*COLLECTED DATA*
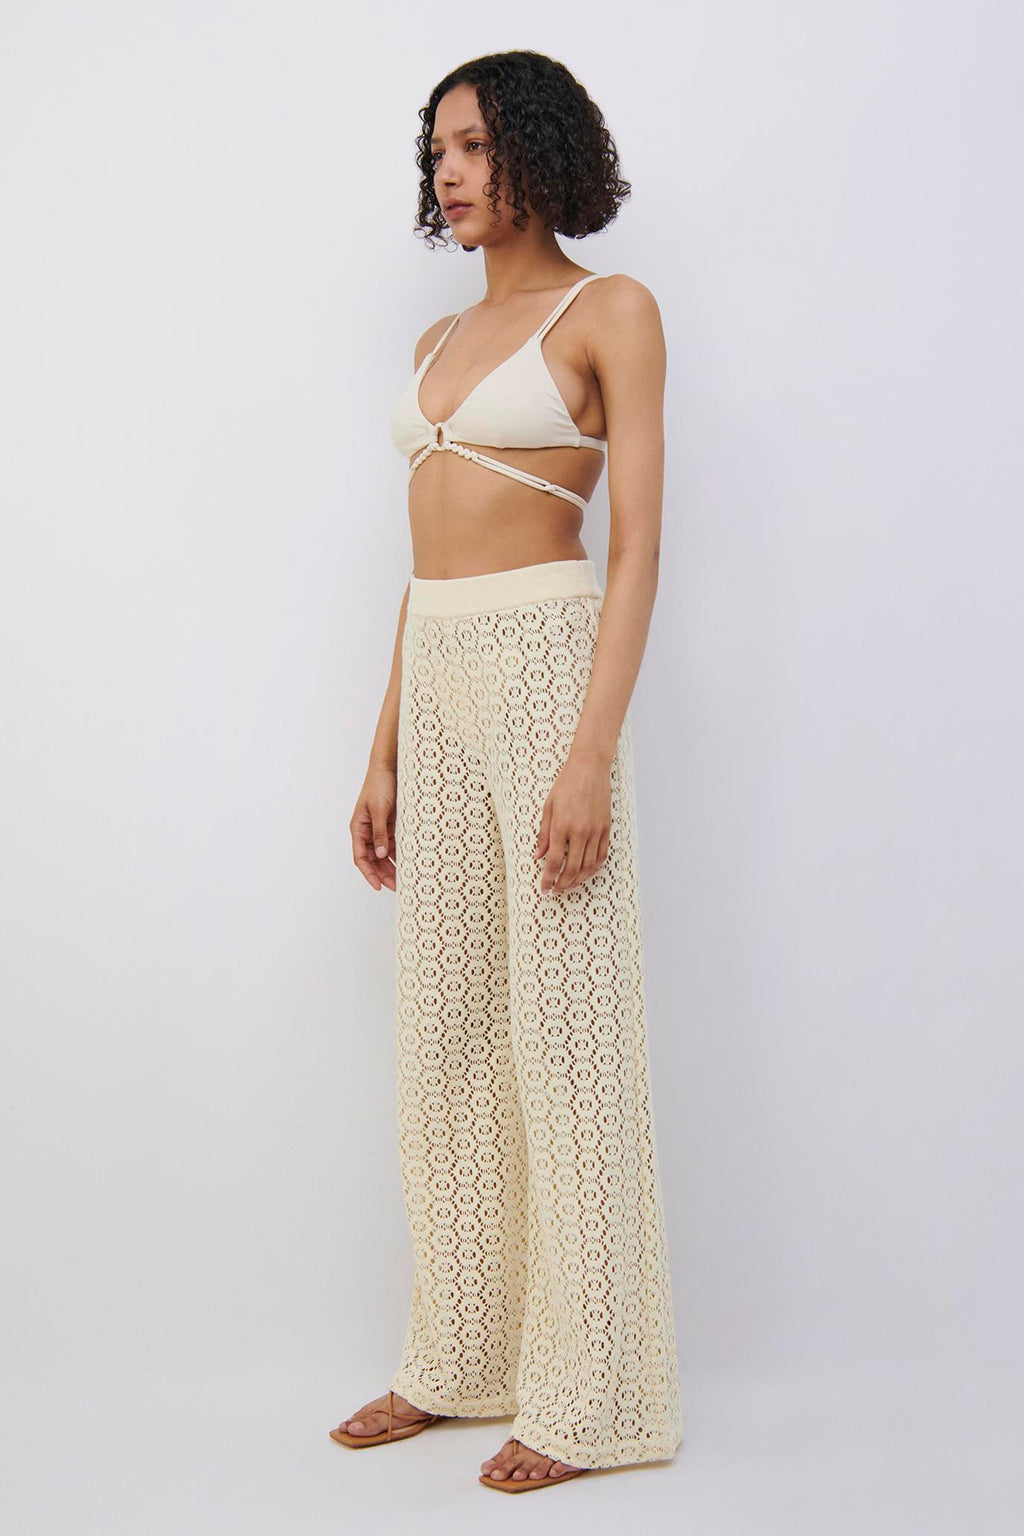 Rayleigh Crochet Coverup Pant
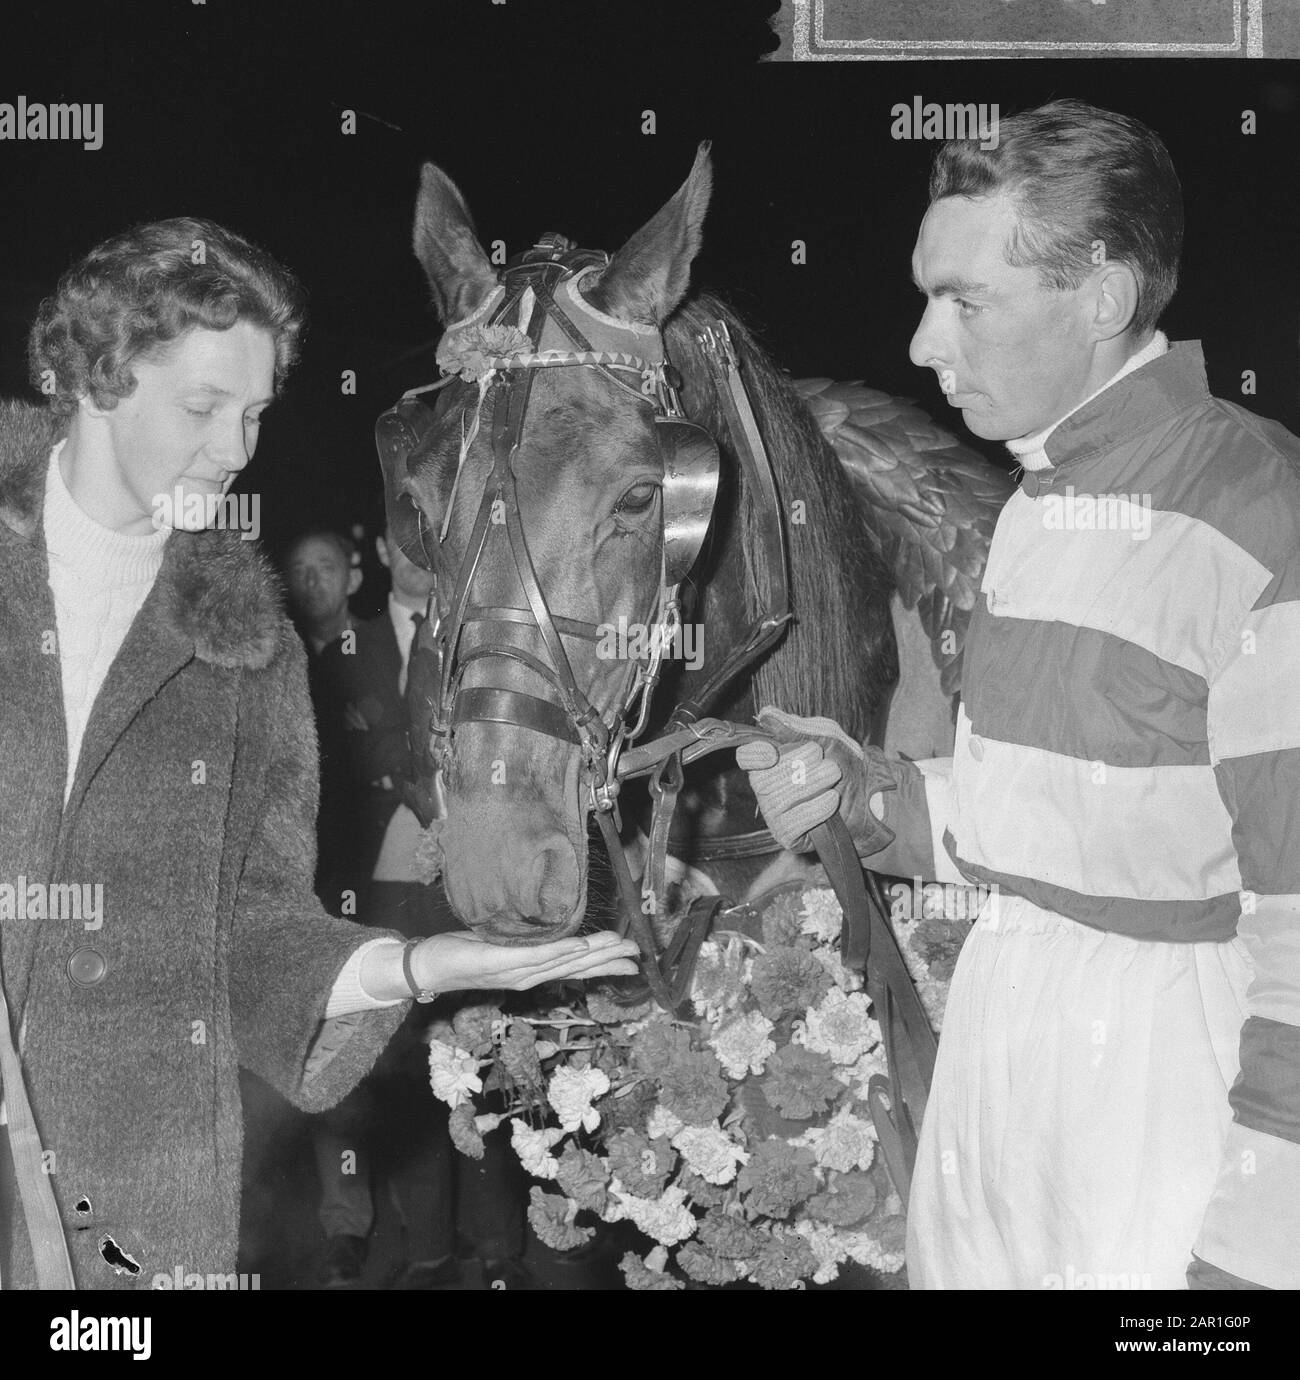 Horse Quicksilver S. while it is honoured at the Hilversum racecourse  Jan Wagenaar jr. and wife at the horse Date: 19 October 1965 Location: Hilversum, Noord-Holland Keywords: tributions, horses, equestrian person name: Wagenaar jr., Jan Stock Photo
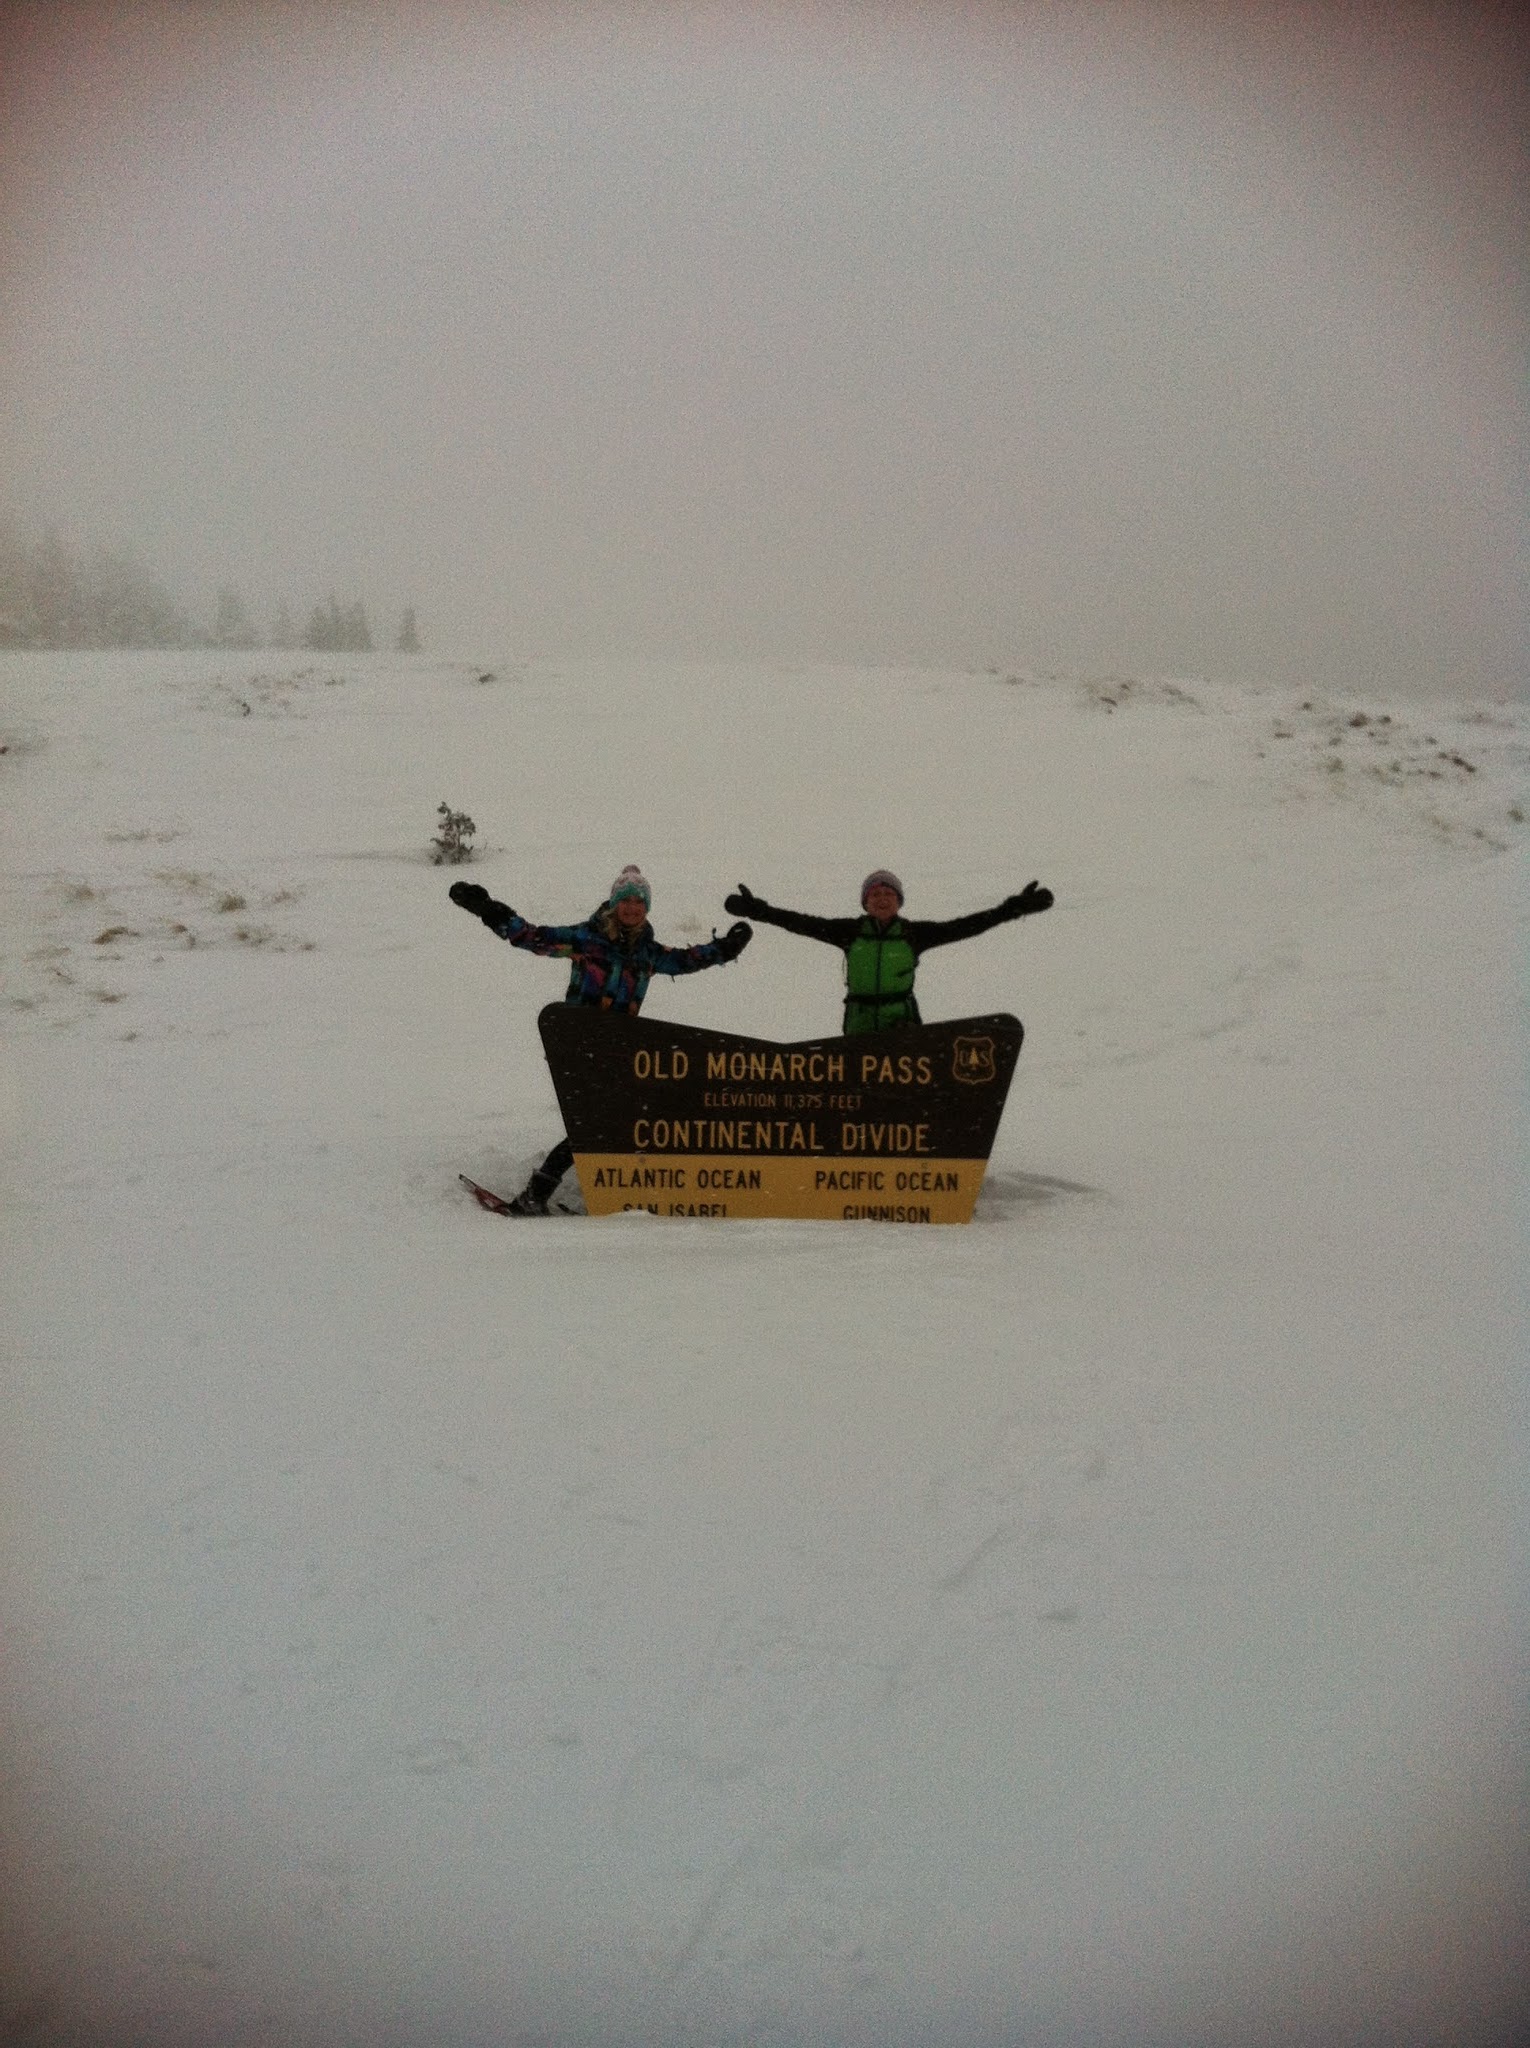 Two ladies snowshoeing at the top of Old Monarch Pass around the Continental Divide sign.

*EXERCISE DIRECTIONS*
A word-for-word copy of the listing is needed. It must not include the pictures.

*RESPONSE BELOW*
 Rayleigh Crochet Coverup Pant
 Horse Quicksilver S. while it is honoured at the Hilversum racecourse  Jan Wagenaar jr. and wife at the horse Date: 19 October 1965 Location: Hilversum, Noord-Holland Keywords: tributions, horses, equestrian person name: Wagenaar jr., Jan Stock Photo
 Two ladies snowshoeing at the top of Old Monarch Pass around the Continental Divide sign.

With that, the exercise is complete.